YOUR TASK :: Reproduce the entries below exactly, but leave the pictures out.
════════
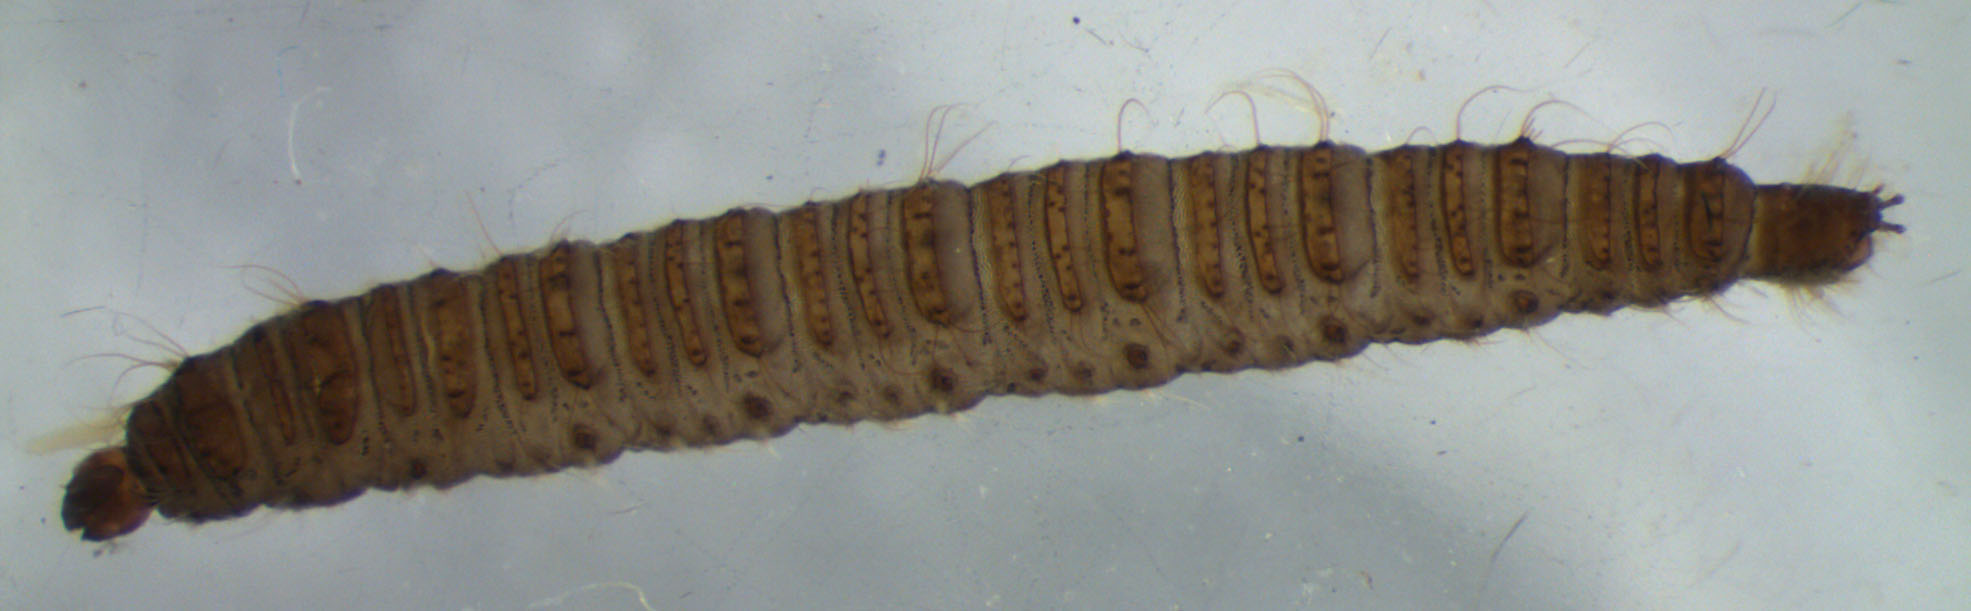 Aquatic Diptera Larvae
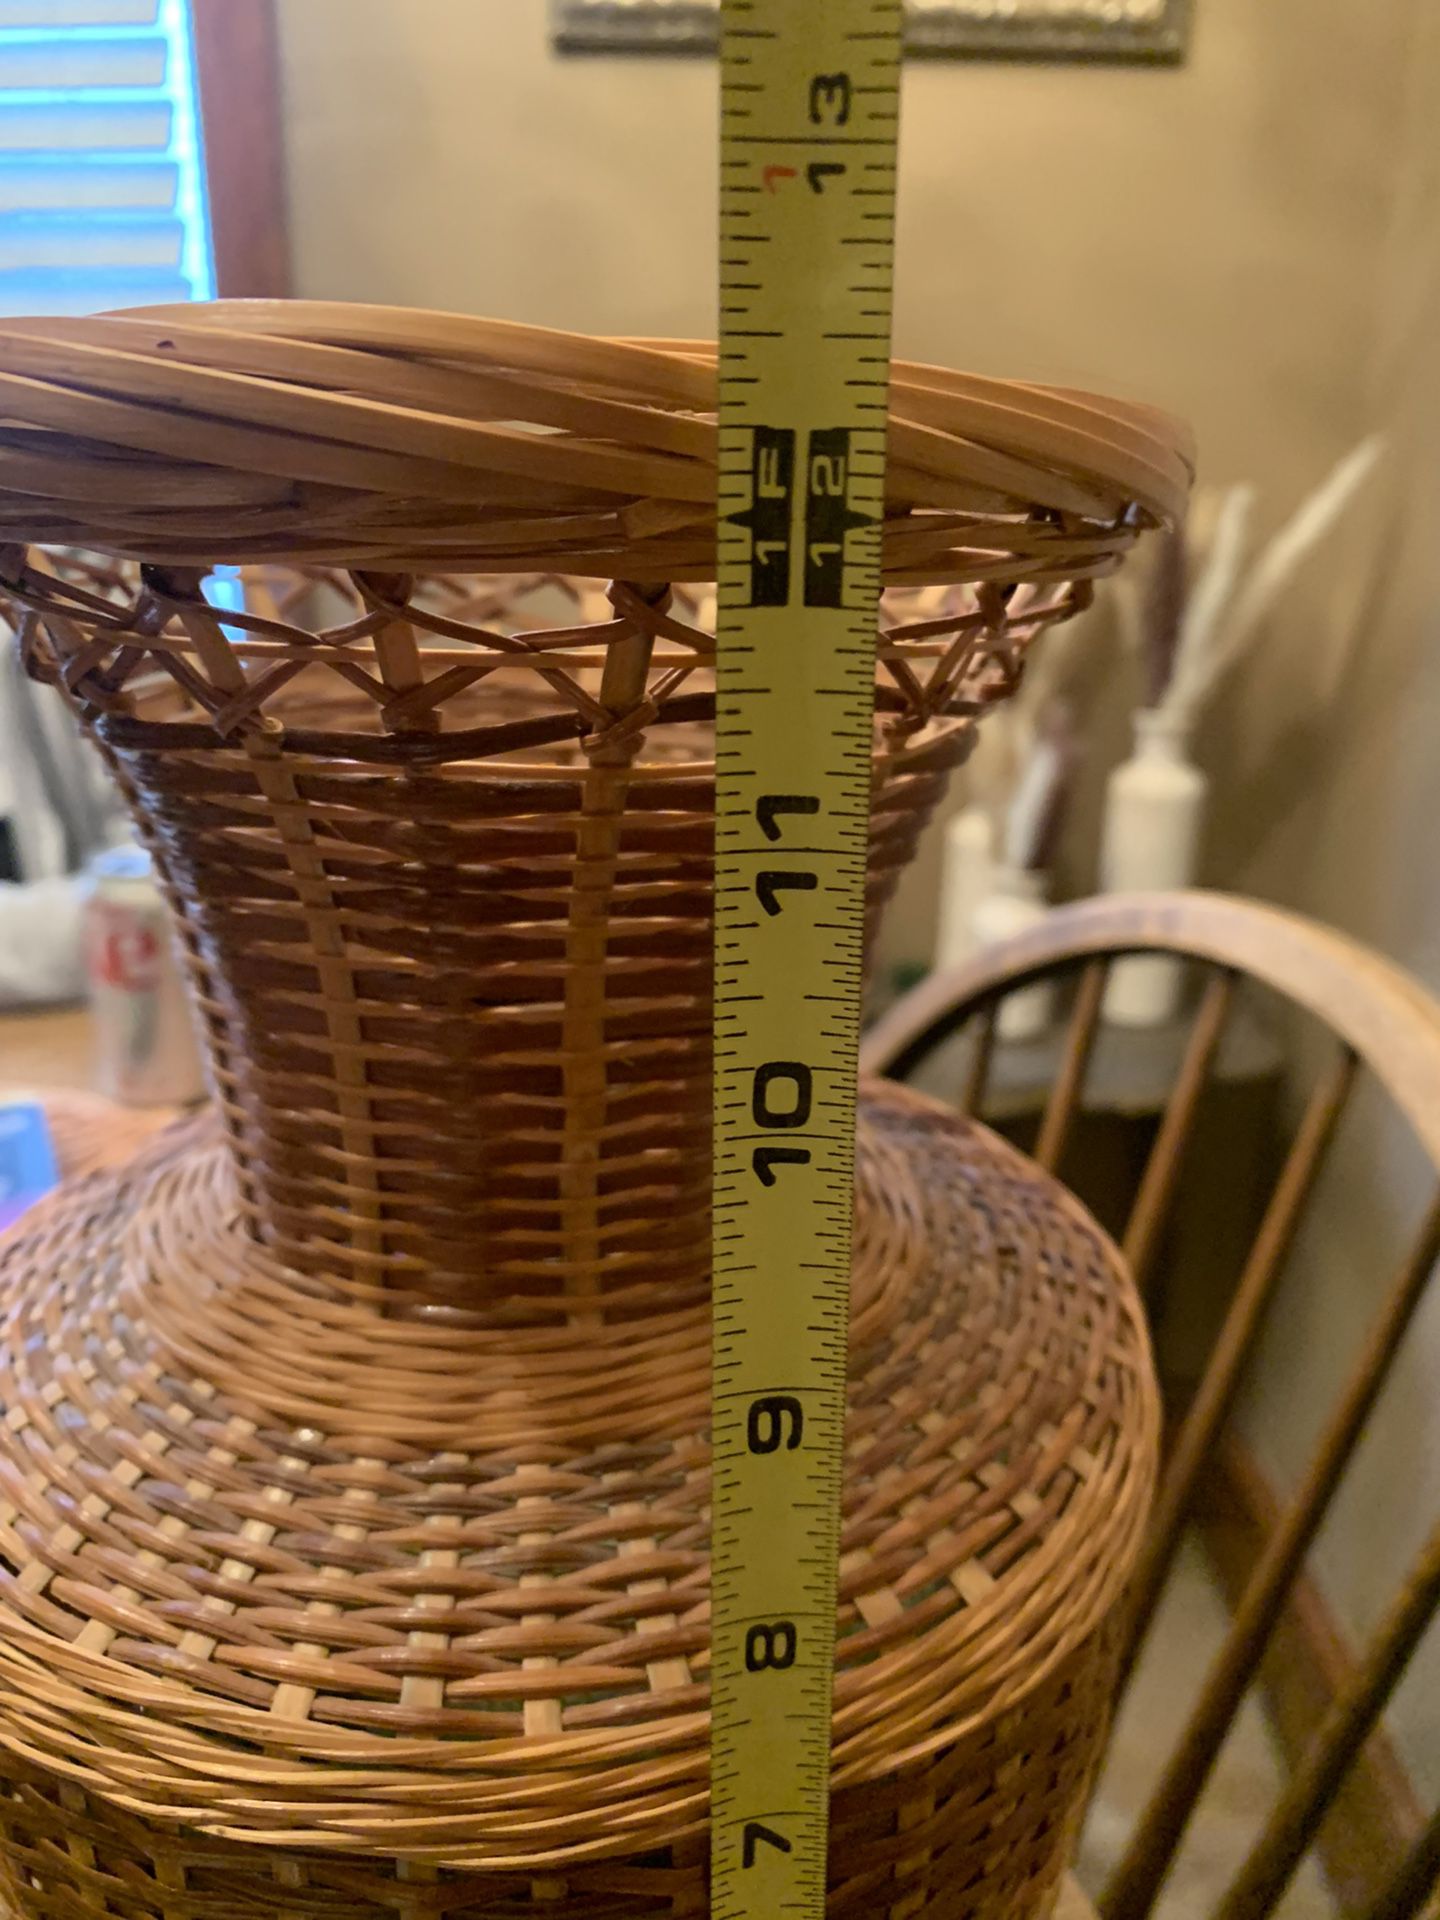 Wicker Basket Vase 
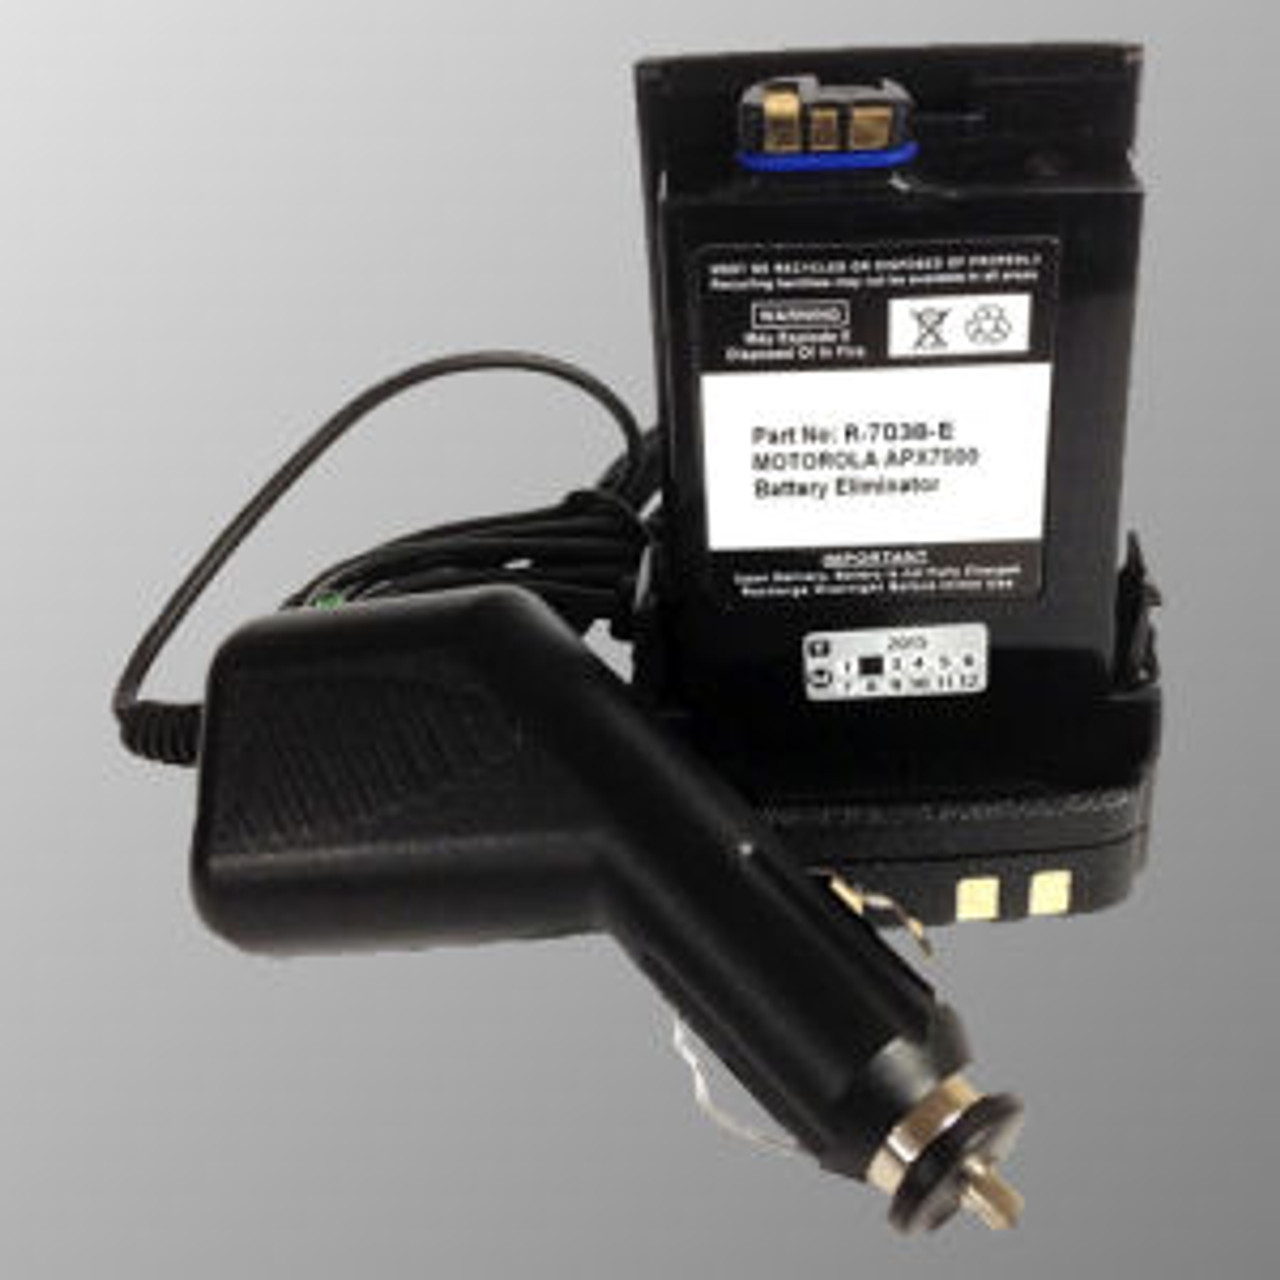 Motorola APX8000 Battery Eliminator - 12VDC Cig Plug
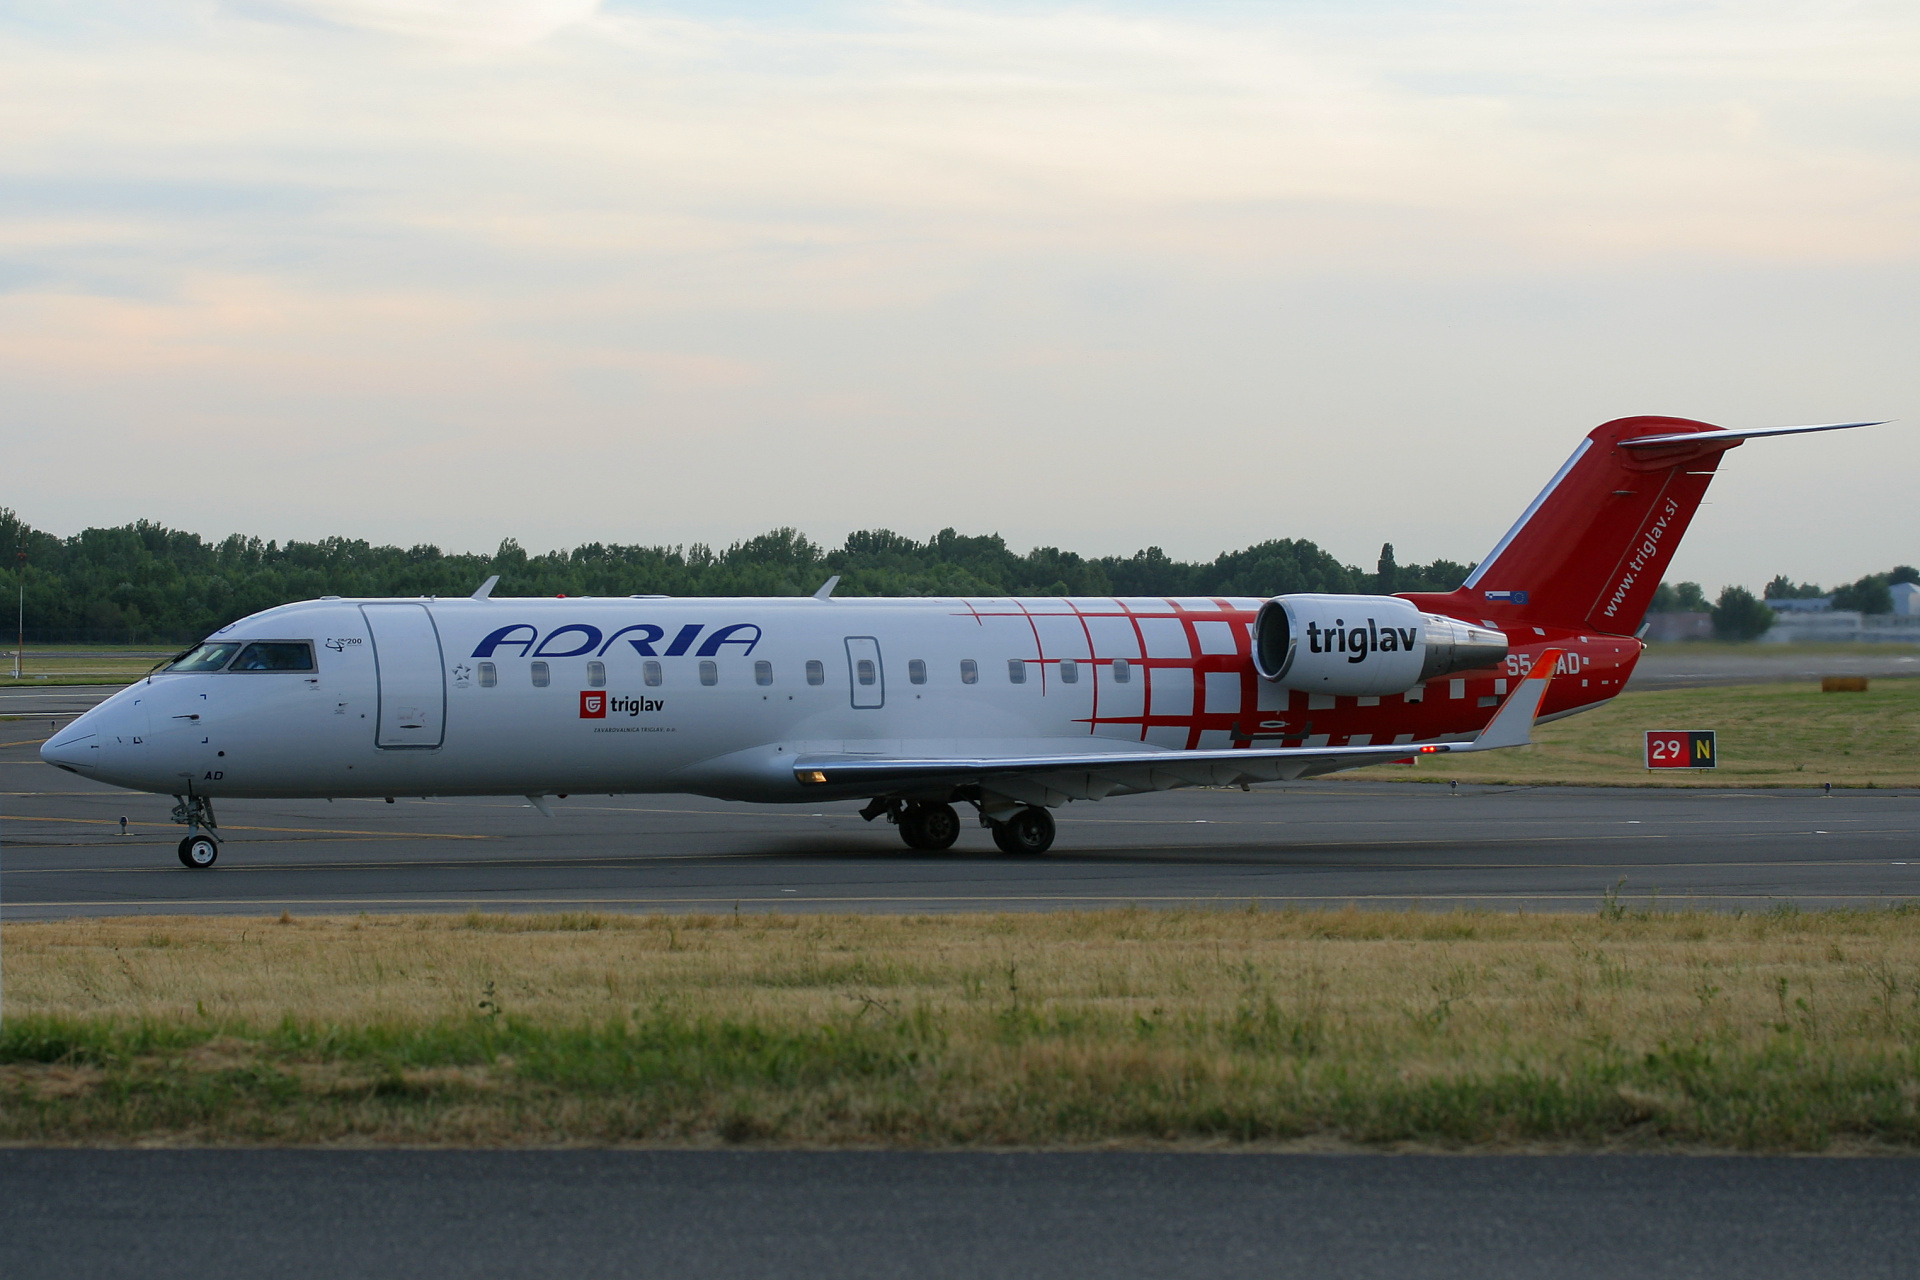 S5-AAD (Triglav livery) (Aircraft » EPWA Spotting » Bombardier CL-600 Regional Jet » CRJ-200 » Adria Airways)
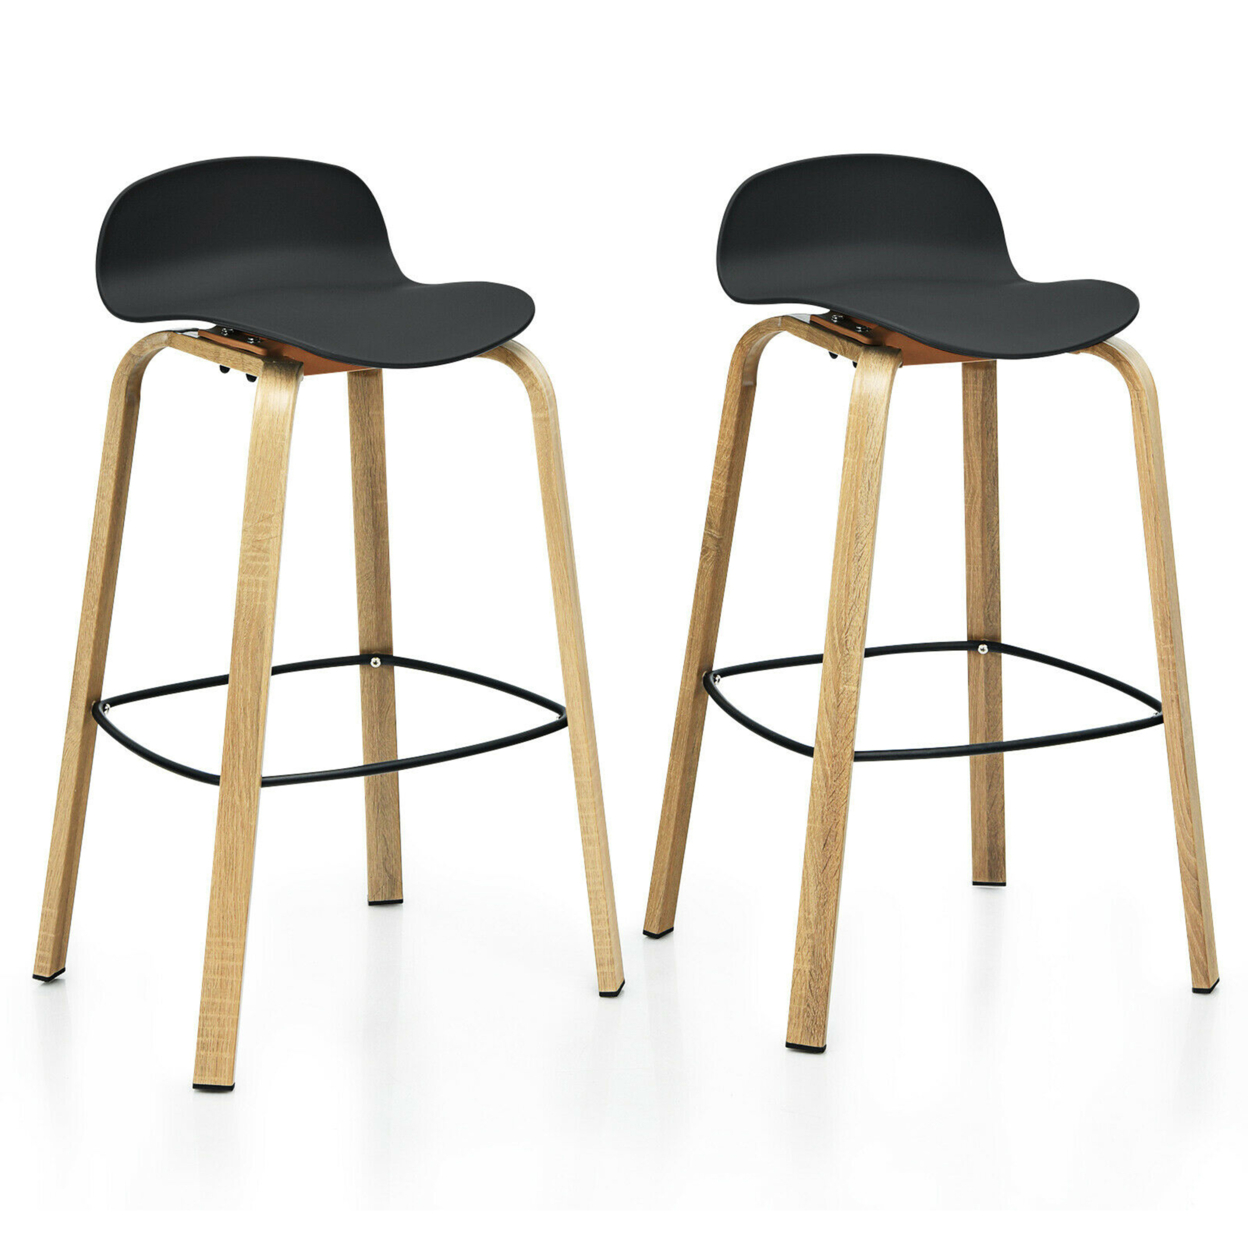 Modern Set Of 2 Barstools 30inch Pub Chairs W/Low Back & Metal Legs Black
════════
ANSWER BELOW ::
 Aquatic Diptera Larvae
 Wicker Basket Vase 
 Motorola APX8000 Battery Eliminator - 12VDC Cig Plug
 S5-AAD (Triglav livery) (Aircraft » EPWA Spotting » Bombardier CL-600 Regional Jet » CRJ-200 » Adria Airways)
 Modern Set Of 2 Barstools 30inch Pub Chairs W/Low Back & Metal Legs Black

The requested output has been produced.